International media would much rather concentrate on Chávez, the “usually theatrical” Venezuelan president (Al Jazeera) as opposed to the socio-economic and political processes taking place in Venezuela, precisely because of what those processes represent. Equality, economic justice, popular political power, sovereignty – it is not so easy to discredit these concepts before a national readership who are losing their jobs, homes, health and education services to wildly unpopular and undemocratic austerity measures in the West. If Chávez disappoints by getting ill and making only a brief appearance, too bad, they’ll fill the pages with irrelevant, sheer speculation anyway. Perhaps if Venezuelans would just stop consistently making the wrong choice at the ballot box, the international media wouldn’t have to go to all that effort.

And effort it is. Just cast a glance over the transcript provided in the Guardian of the Rory Carroll, Noam Chomsky interview. The most illuminating aspect of the interview was not Chomsky’s responses, but the questions asked by Carroll – who painstakingly continues to ask the same question over and over again – regardless of the complexity of Chomsky’s answer – merely to get an incriminating sound bite criticising Chávez’s alleged authoritarianism. This is the problem – the international media reduces complex arguments and issues to convenient sound bites, sweeping statements which reinforce a particular view point and that can be consumed in record time. Such selective snippets can never truly educate or inform – but that is not the goal of today’s mainstream media.
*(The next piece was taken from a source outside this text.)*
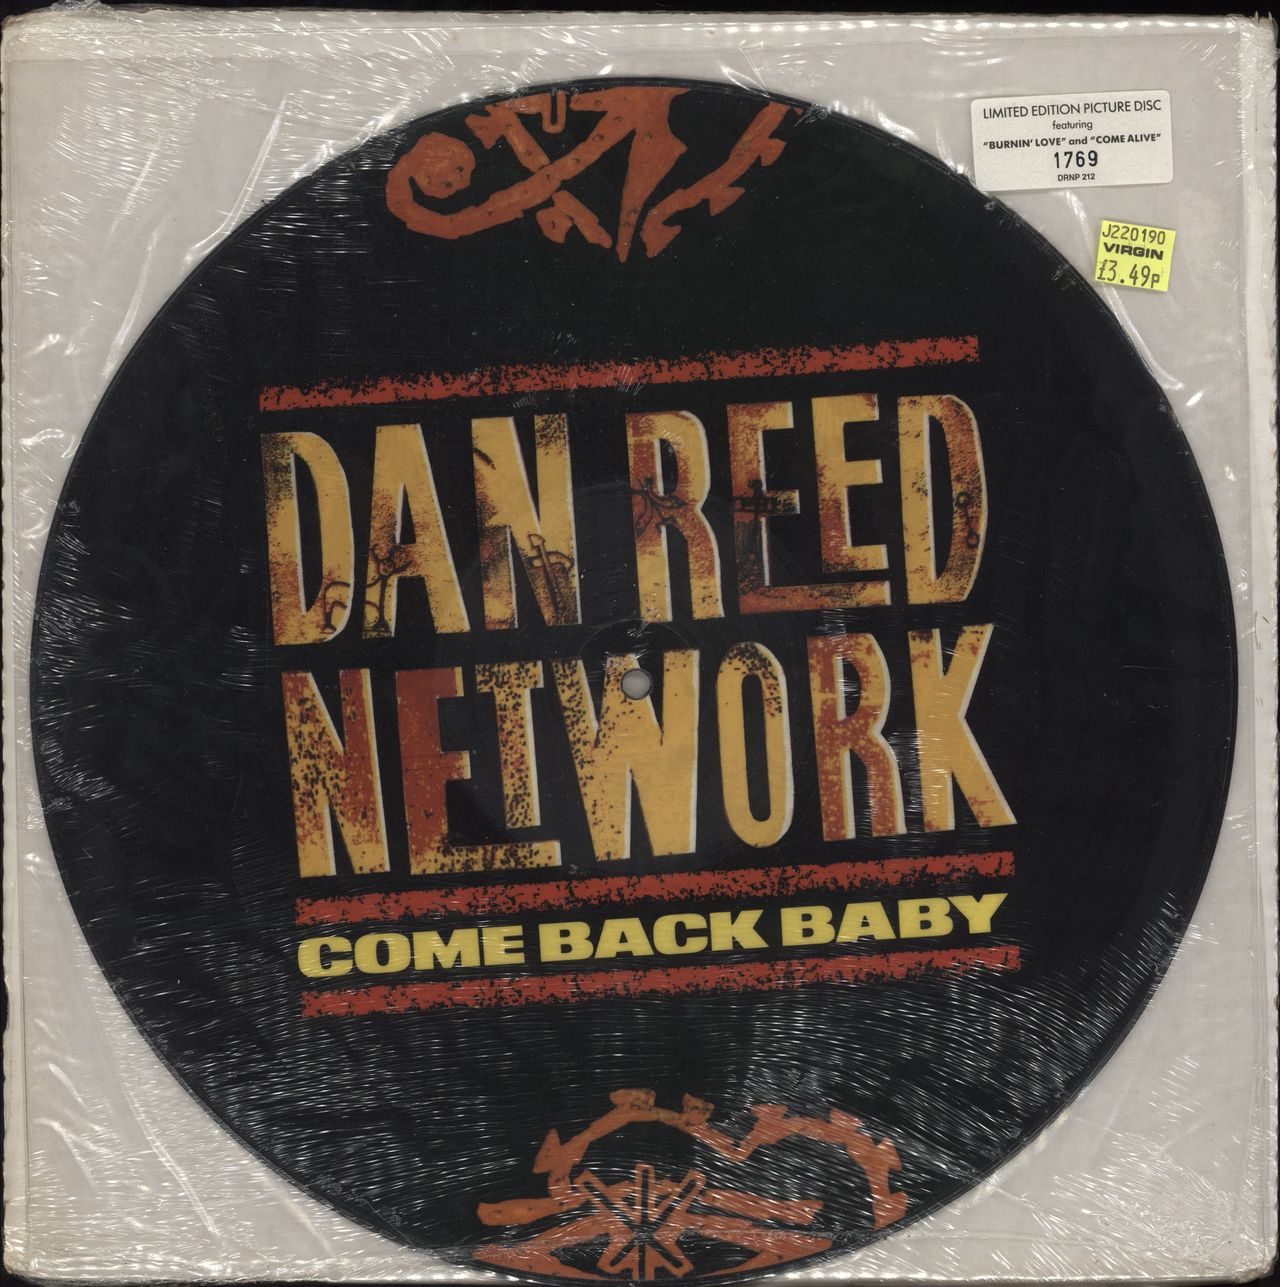 Dan Reed Network Come Back Baby - Sealed UK 12" vinyl picture disc (12 inch picture record) DRNP212

Actually living in Venezuela forces you to confront the truth of the situation. The truth being that, without dismissing the importance of leadership within a movement, over the past decade a number of profound changes have been institutionalised up to a certain point in Venezuela – and they will not disappear quite as easily as the international press like to imply. The truth is that on hearing the news about Chavez’s health, far from being thrown into panic, Venezuela was quite calm, hopeful, almost defiant. The government functioned as normal. Venezuelans staged jubilant, televised events expressing their support for Chávez, wishing his speedy recovery. They vowed to keep fighting – but only when questioned, as if the mere insinuation that recent events meant the end for the revolution was too absurd to have even crossed their minds. I have to confess that I too had not realised that the dissolution of the Bolivarian process was on the cards. I obviously need to check the Fox news website more often.